The AI power in this chip makes me wonder if it (or something like it) powers the Private Cloud Compute servers scheduled to be built in Houston, TX.
On to the new Mac Studio itself:
Apple today announced the new Mac Studio, the most powerful Mac ever made, featuring M4 Max and the new M3 Ultra chip. The ultimate pro desktop delivers groundbreaking pro performance, extensive connectivity now with Thunderbolt 5, and new capabilities in its compact and quiet design that can live right on a desk. Mac Studio can tackle the most intense workloads with its powerful CPU, Apple’s advanced graphics architecture, higher unified memory capacity, ultrafast SSD storage, and a faster and more efficient Neural Engine.
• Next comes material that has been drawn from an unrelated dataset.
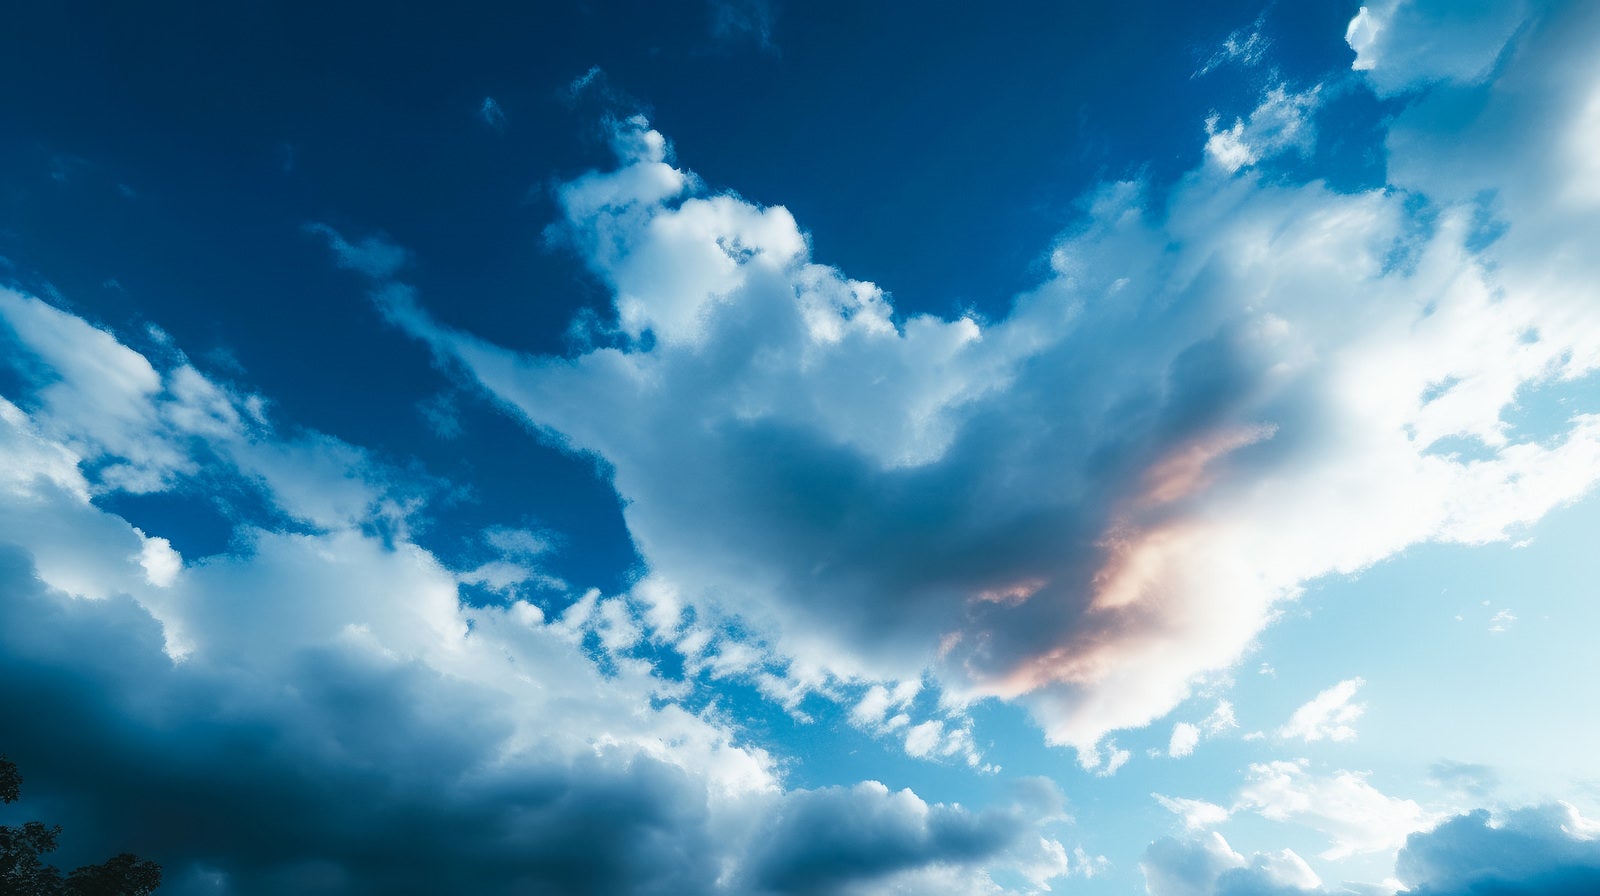 「彩雲と青空」の写真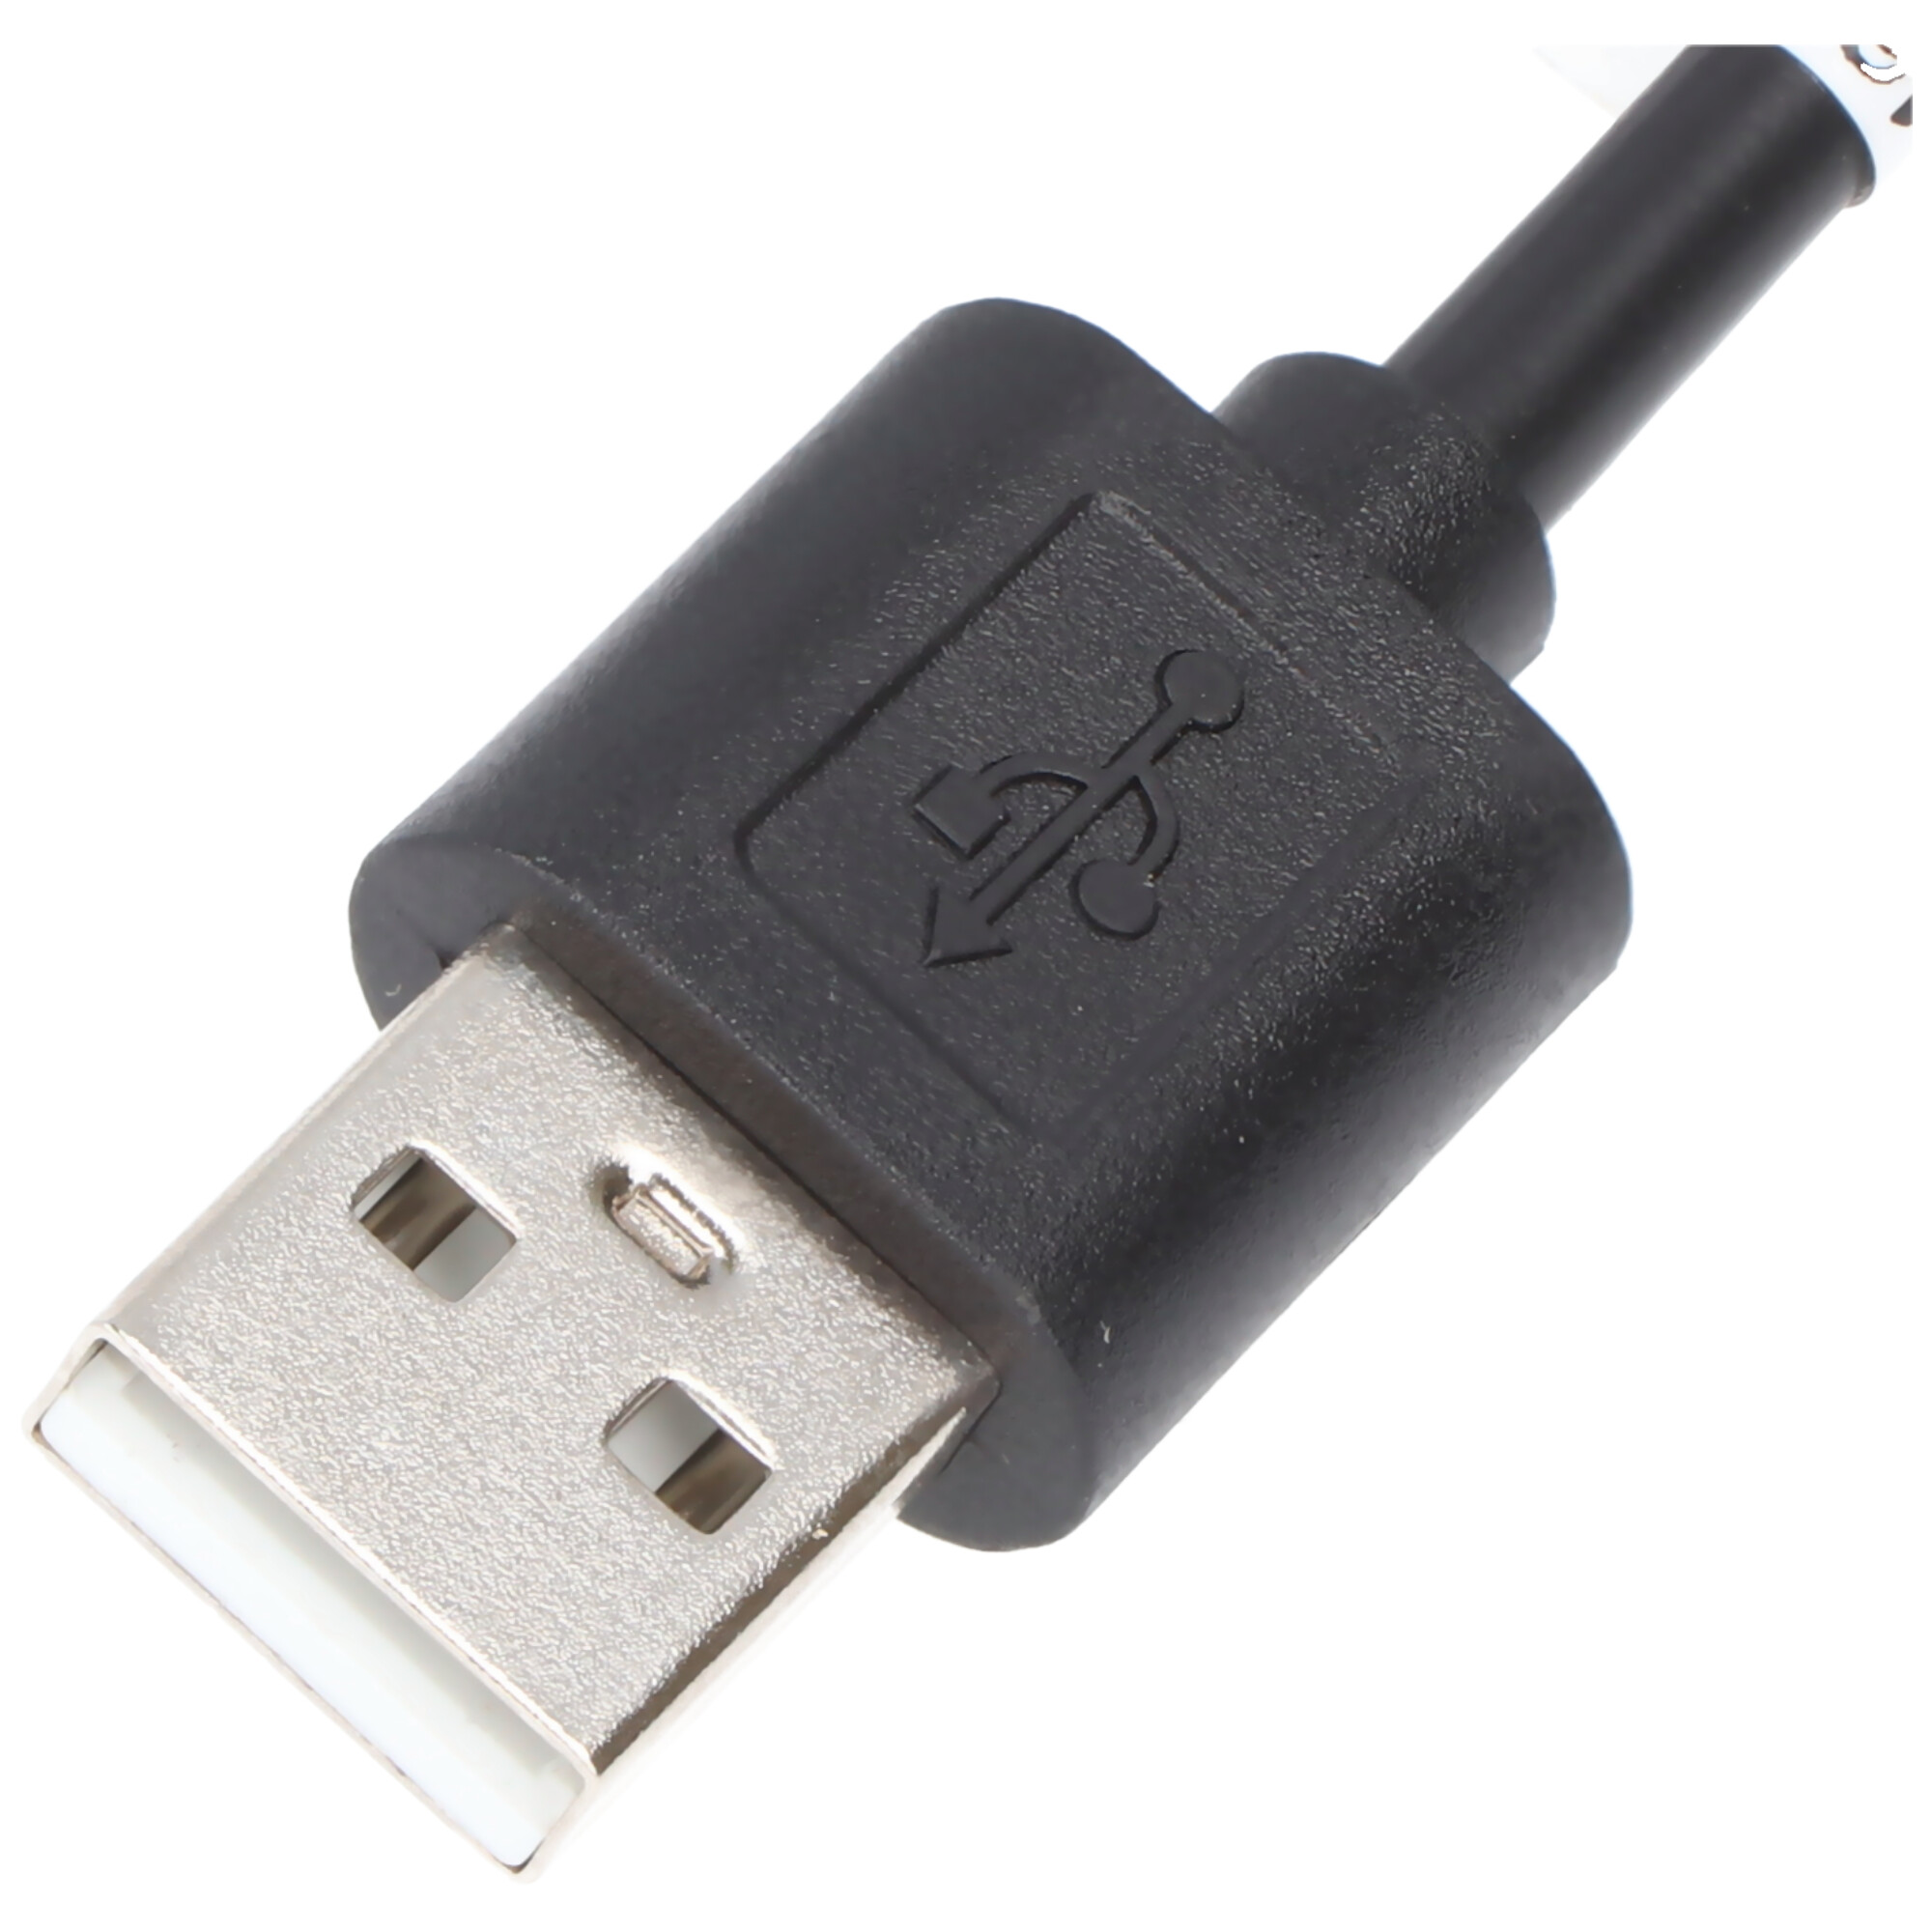 USB 2.0 Kabel USB-C auf USB A, schwarz geeignet für Geräte mit USB-C Anschluss

The M4 Max Mac Studio is a significant upgrade and readily induces lust, but the M3 Ultra Mac Studio is just off the charts:
It delivers nearly 2x faster performance than M4 Max in workloads that take advantage of high CPU and GPU core counts, and massive amounts of unified memory.
That “massive amounts of unified memory”?
Mac Studio with M3 Ultra starts with 96GB of unified memory, which can be configured up to 512GB — the most unified memory ever in a personal computer — and up to 16TB of ultrafast SSD storage, so content and data can be kept locally.
I’ve been trying—and failing—to recall the last time Apple introduced a computer where the highest configuration was powered by a faster version of a previous-generation chip. It may well be unprecedented.
The M3 Ultra allows the Mac Studio to accomplish some mind-blowing feats, including driving up to eight Pro Display XDRs, and playing back up to 22 streams of 8K ProRes 422 video.
I would love to see that rig!
With great power comes great responsibility… for your credit card. The base M3 Ultra starts at $3,999 (compared to a paltry $1,999 for the M4 Max) and maxes out (ultras out?) at $14,099. Whew.
Pre-orders have already started, with availability beginning March 12.